According to the New Yorker story, several former Yale classmates who claim to have information regarding the alleged incident with Ramirez said they were not contacted by the FBI.
On Thursday, Ramirez’s lawyers sent the FBI an additional sworn declaration from Richard Oh, a former classmate who lived in the same dormitory where the alleged incident occurred.
In his statement, Oh said that he remembers a female student “emotionally reporting” what could only be the same incident Ramirez described.
In a letter to Wray on Thursday, Ramirez’s lawyers wrote they are “deeply disappointed” the FBI didn’t pursue the information she provided them. “We can only conclude that the FBI — or those controlling the investigation — did not want to learn the truth behind Ms. Ramirez’s allegations,” her lawyers wrote.
Later in the day, Ramirez's lawyer sent a second letter to Wray, attaching an affidavit from a woman whose name is redacted stating that Ramirez told her about an incident in college when a male classmate exposed himself to Ramirez. Ramirez's lawyer told Wray that they had provided the woman's name to the FBI, and the woman, through her lawyer, had tried to contact the FBI, but the FBI did not interview her.
The initial cloture vote — to end debate on Kavanaugh's nomination — will take place on Friday and needs 50 votes, plus Vice President Mike Pence, to move forward.
If Kavanaugh makes it through the cloture vote on Friday, there will be a final vote this weekend, likely on Saturday.
Republicans can afford to lose only one vote to make it a 50–50 tie. If that happens, Pence will break the tie and vote to confirm Kavanaugh.
It is possible for a senator to vote yes for Friday’s cloture and still vote no on the final vote, though it is unlikely.
Republican Sens. Collins, Lisa Murkowski, and Flake, and Democratic Sen. Joe Manchin are the key, undecided votes. Flake initially said he would support Kavanaugh, but that was before he requested the FBI investigation. The others have remained on the fence.
Murkowski told reporters Thursday she thinks it is important that all senators have time to review the 100-page FBI report before they vote Friday.
On Wednesday, Collins, Murkowski, and Flake criticized President Donald Trump for comments he made mocking Christine Blasey Ford’s testimony.

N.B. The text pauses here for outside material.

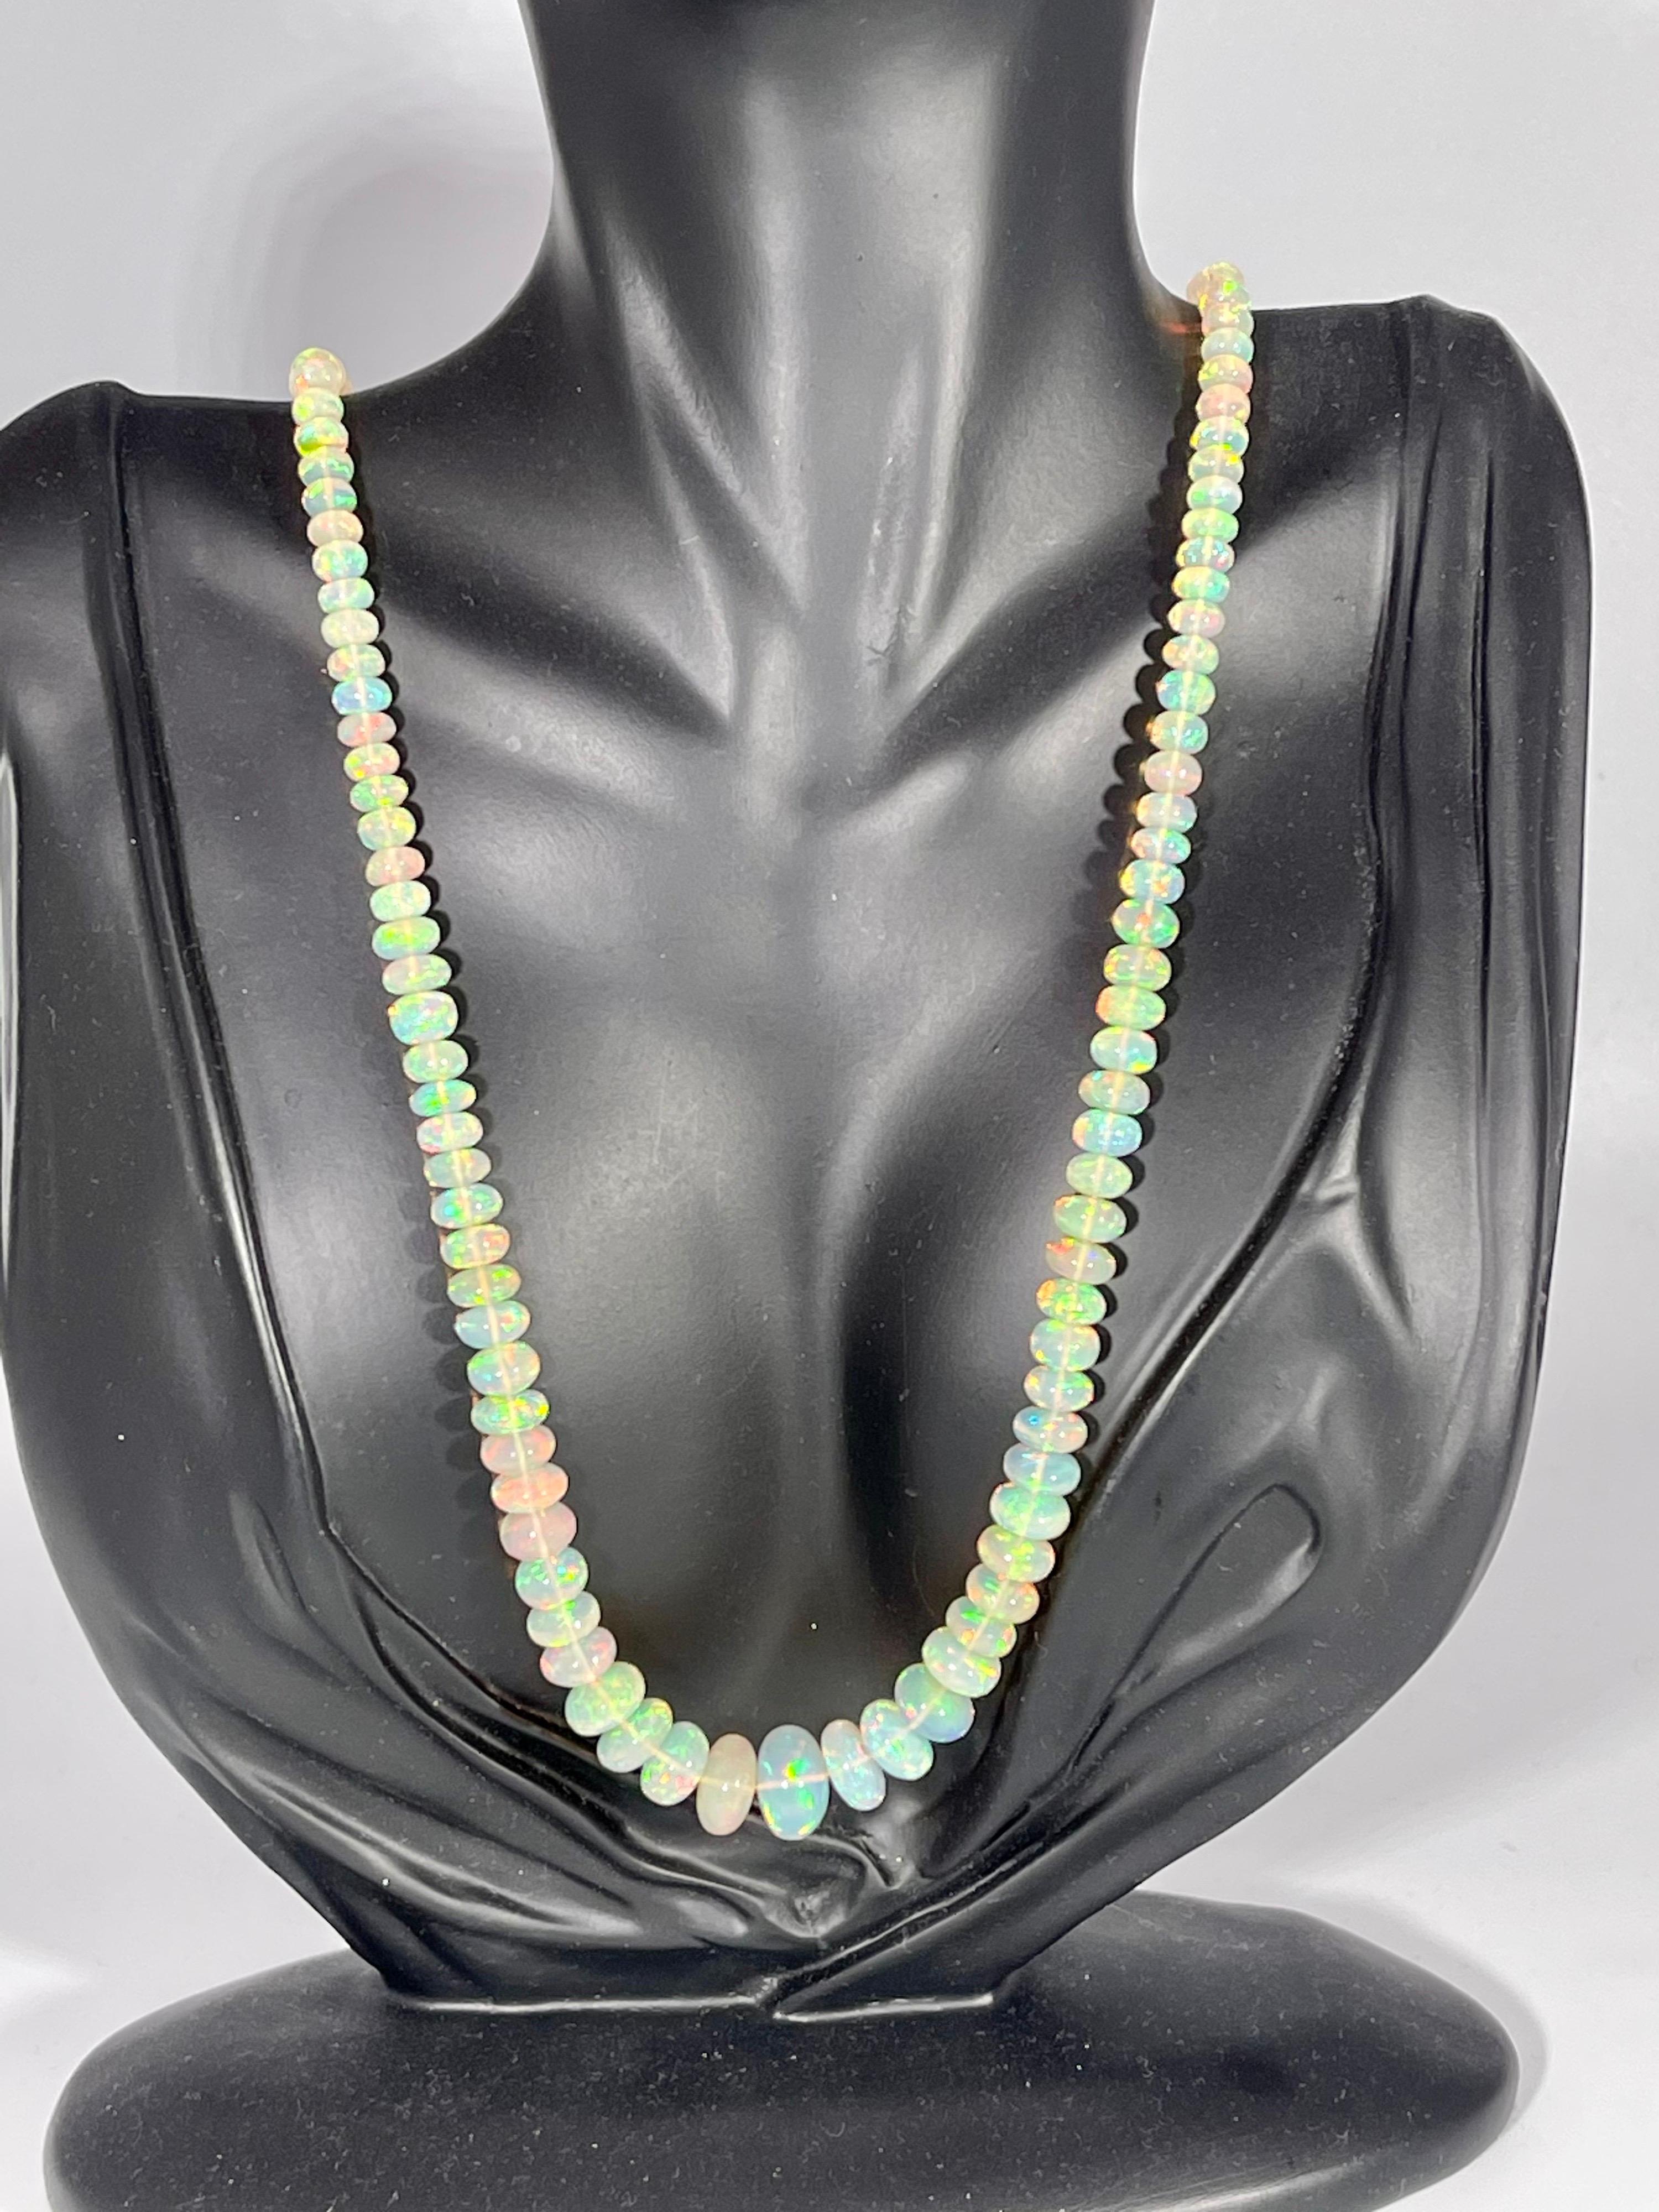 Natural 115 Ct Ethiopian Opal Bead Single Strand Necklace 14 Karat Yellow Gold For Sale 4

Trump, who had previously called Ford’s testimony “credible,” reversed his stance during a rally in Mississippi Tuesday, mocking the gaps in Ford’s recollection of the alleged assault.
On Thursday the president tweeted his support for Kavanaugh, saying, “this great life cannot be ruined by mean & despicable Democrats and totally uncorroborated allegations!”
“This is now the 7th. time the FBI has investigated Judge Kavanaugh,” he added. “If we made it 100, it would still not be good enough for the Obstructionist Democrats.”
Lissandra Villa contributed to this story.